The AWS Bedrock LLM provider enables your agent to use any Bedrock-hosted model (Amazon Nova, Anthropic Claude, Meta Llama, Mistral, and more) for text-based conversations and processing through the unified Bedrock Converse API. It also supports vision input, allowing your agent to analyze and respond to images alongside text with the supported models.

Installation

Install the AWS-enabled VideoSDK Agents package:

pip install "videosdk-plugins-aws"

Importing

from videosdk.agents.plugins import AWSBedrockLLM

Authentication

  • AWS Account: You have an active AWS account with permissions to access Amazon Bedrock and the model you intend to invoke.
  • Model Access: You've requested and been granted access to the target model in the Bedrock console under Model access, in the region you're using.
  • Region Selection: You're operating in a region where the model is available (e.g. US East (N. Virginia) us-east-1), as model access is region-specific.
  • AWS Credentials: Your AWS credentials (AWS_ACCESS_KEY_ID, AWS_SECRET_ACCESS_KEY, AWS_DEFAULT_REGION) are configured, either through environment variables or your preferred credential management method (IAM role, shared profile, etc.).

Example Usage

from videosdk.agents.plugins import AWSBedrockLLM
from videosdk.agents import Pipeline

# Initialize the AWS Bedrock LLM model
llm = AWSBedrockLLM(
model="amazon.nova-lite-v1:0",
region="us-east-1",
temperature=0.7,
max_tokens=1024,
)

# Add llm to pipeline
pipeline = Pipeline(llm=llm)
note

When using a .env file for credentials, don't pass them as arguments to model instances. The SDK automatically reads environment variables, so omit aws_access_key_id, aws_secret_access_key, and other credential parameters from your code.

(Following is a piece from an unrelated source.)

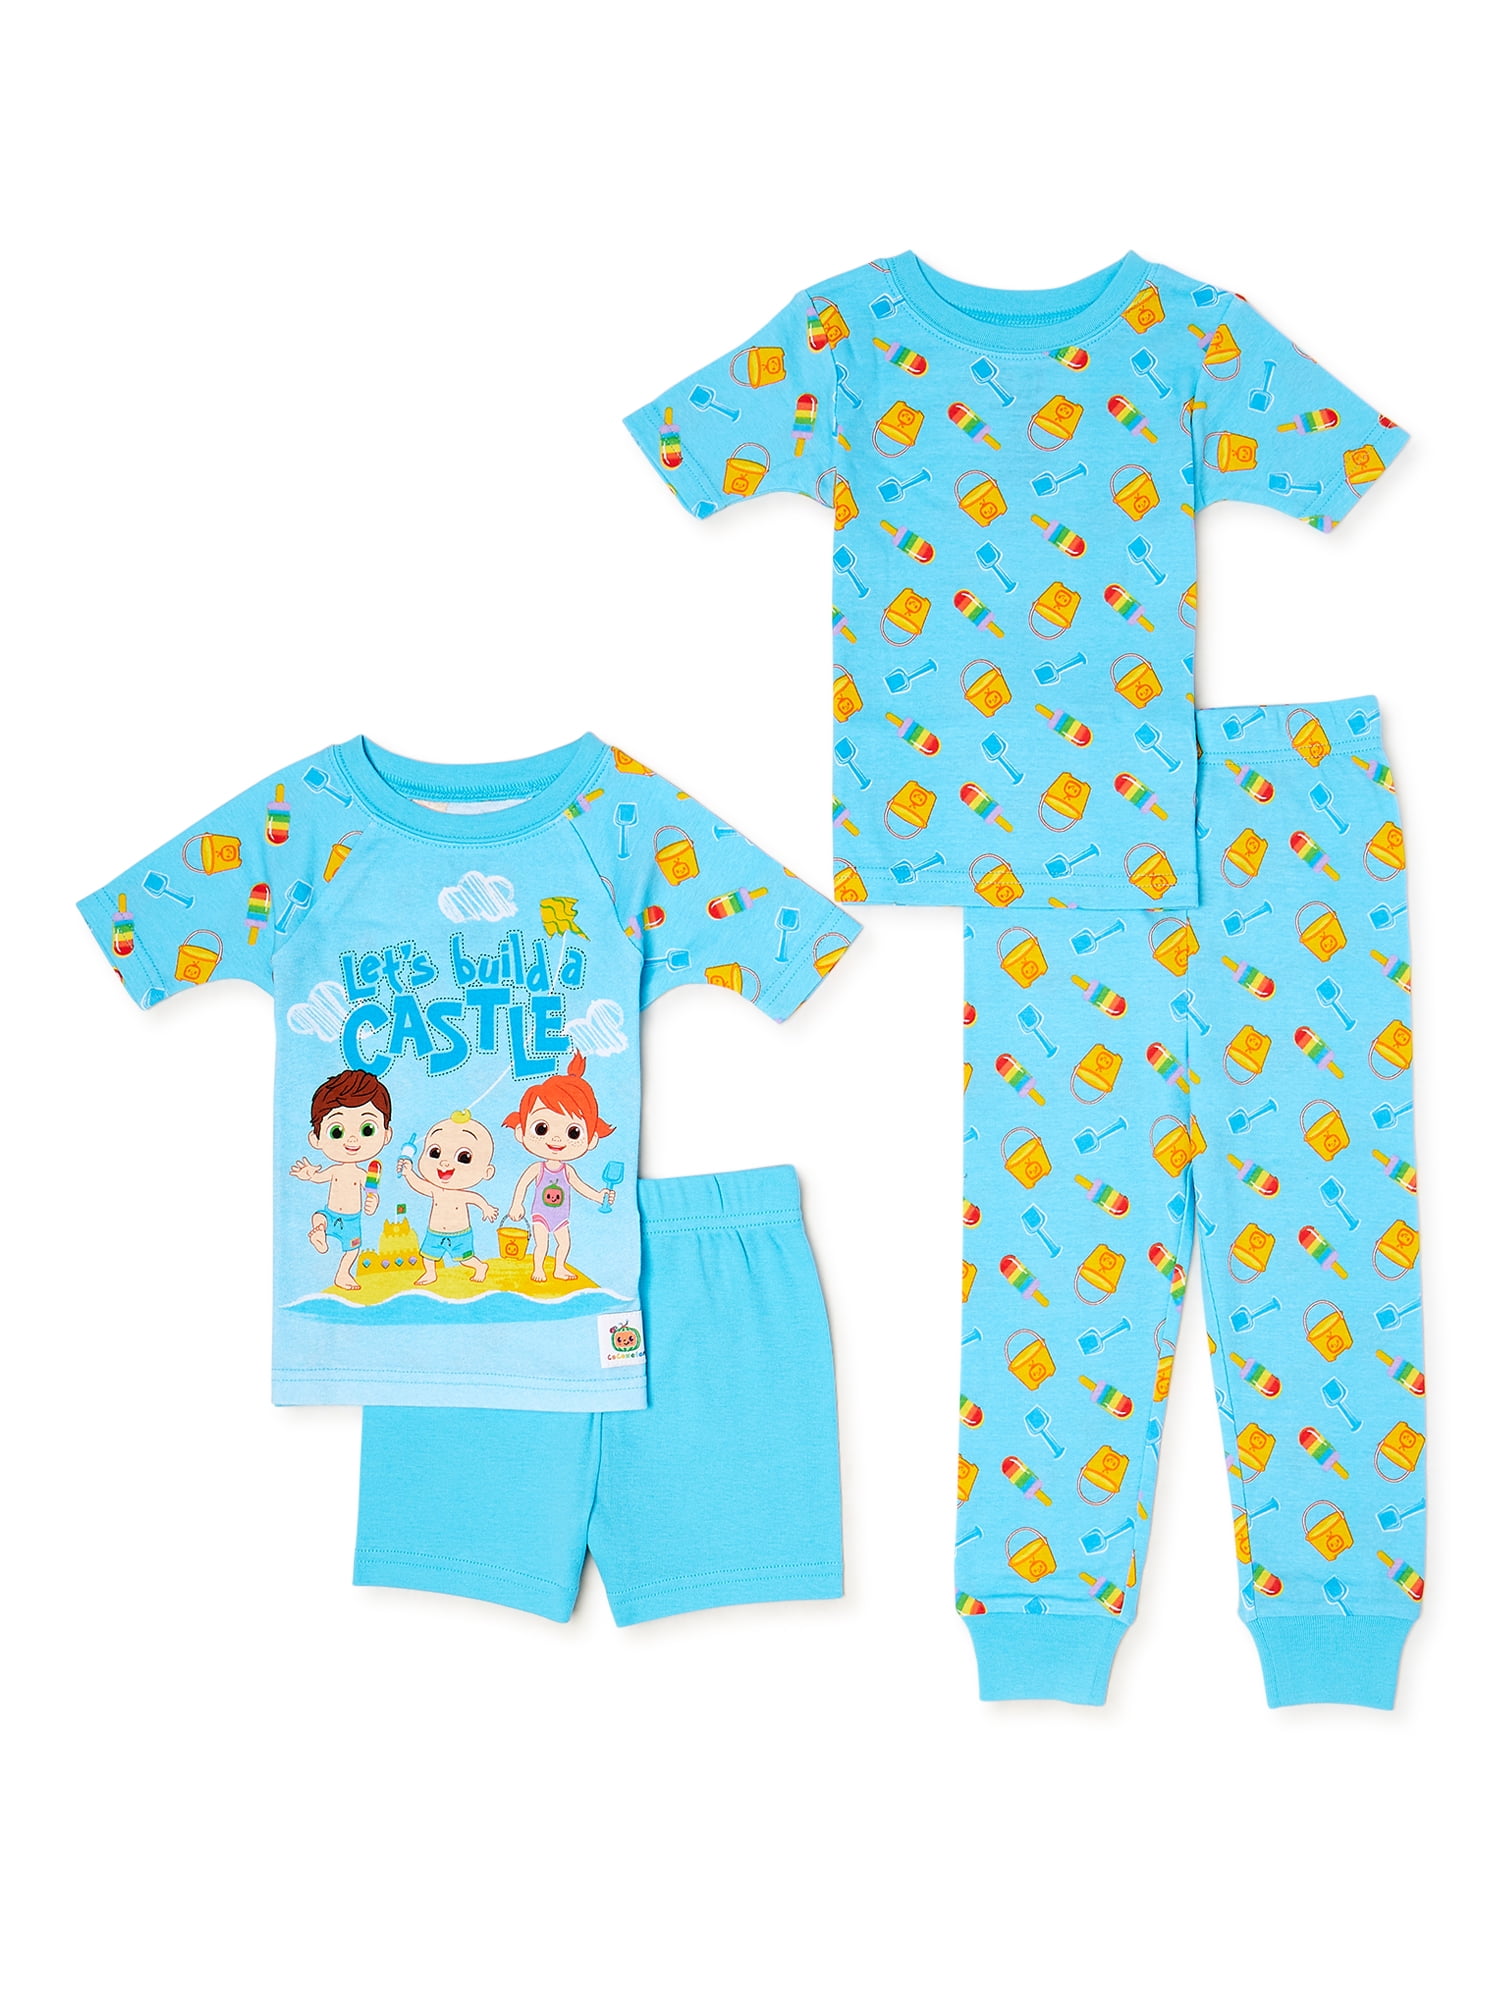 Only Boys Baby Boys Pajama Set 4 Piece Short Sleeve T-Shirt and Shorts Sleepwear Set Infant/Toddler 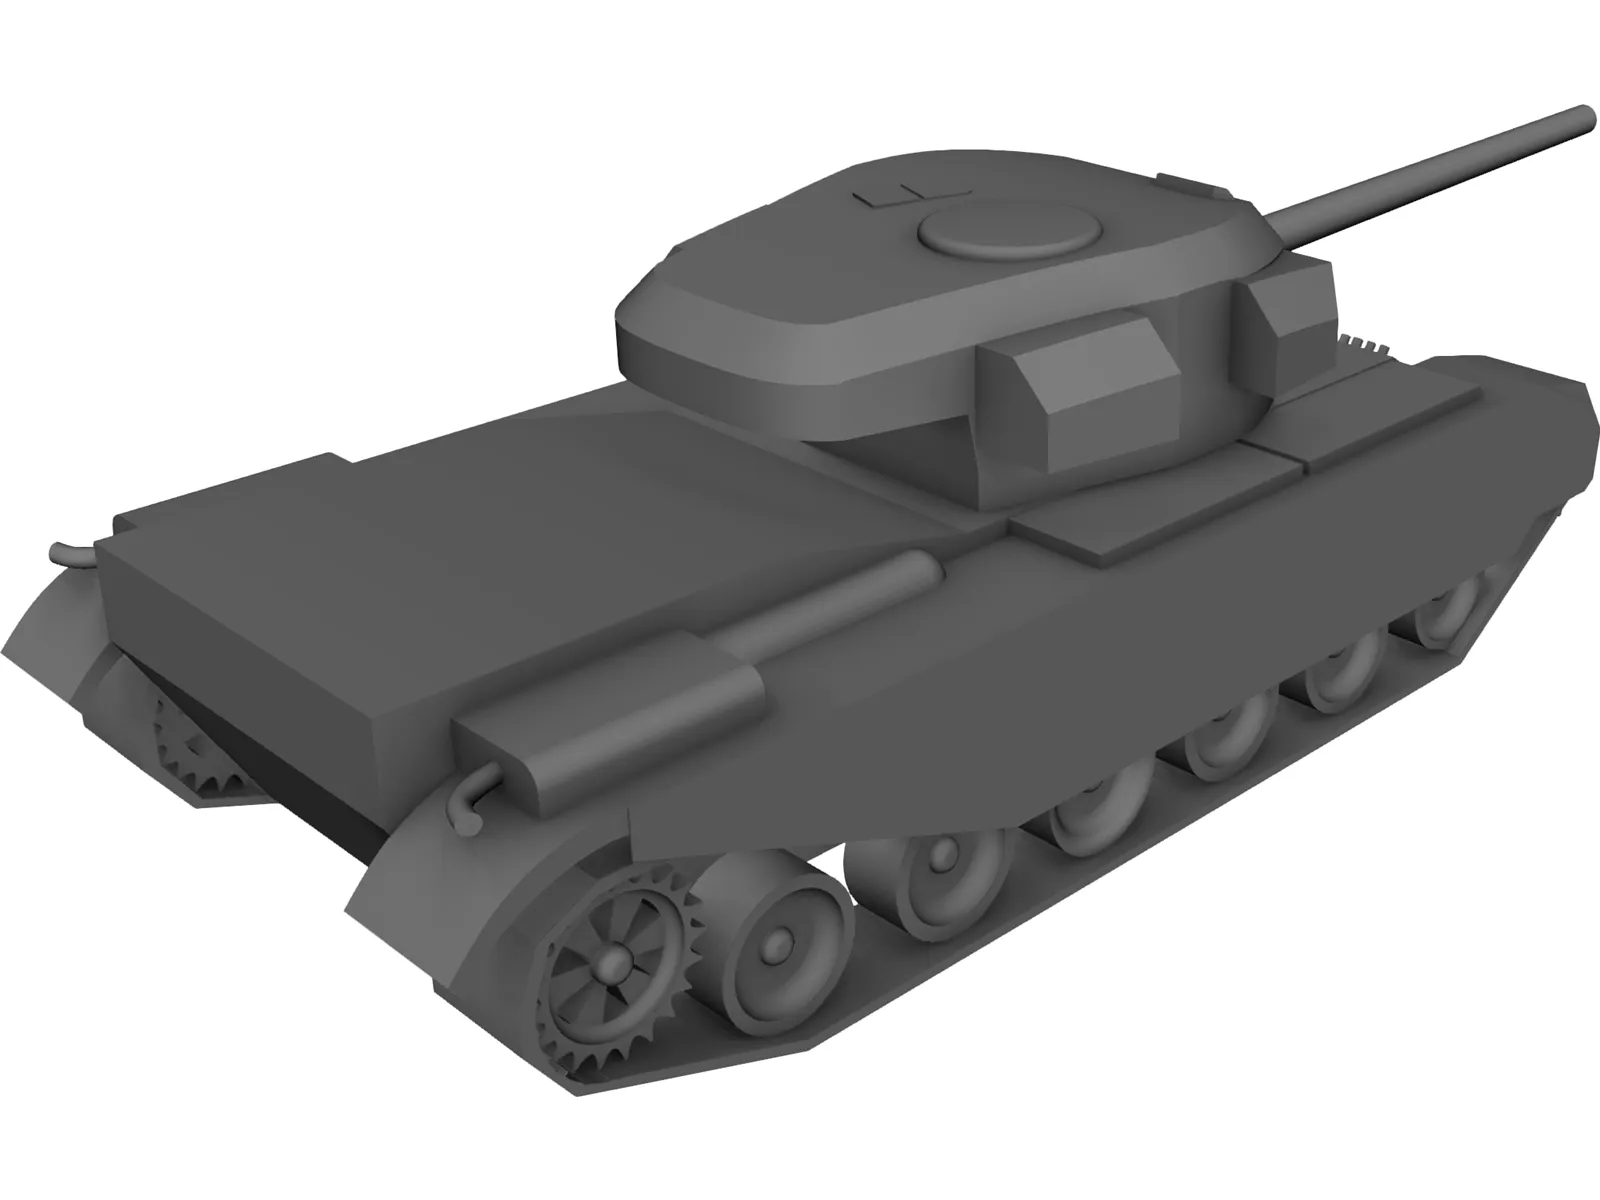 Centurion Tank 3D Model

Inference Profiles (Cross-Region)

Many newer models — including most Anthropic Claude models — cannot be invoked on-demand by their bare model id and require a cross-region inference profile. If you use the plain model id you'll see an error like:

ValidationException: Invocation of model ID anthropic.claude-haiku-4-5-20251001-v1:0
with on-demand throughput isn't supported. Retry your request with the ID or ARN of an
inference profile that contains this model.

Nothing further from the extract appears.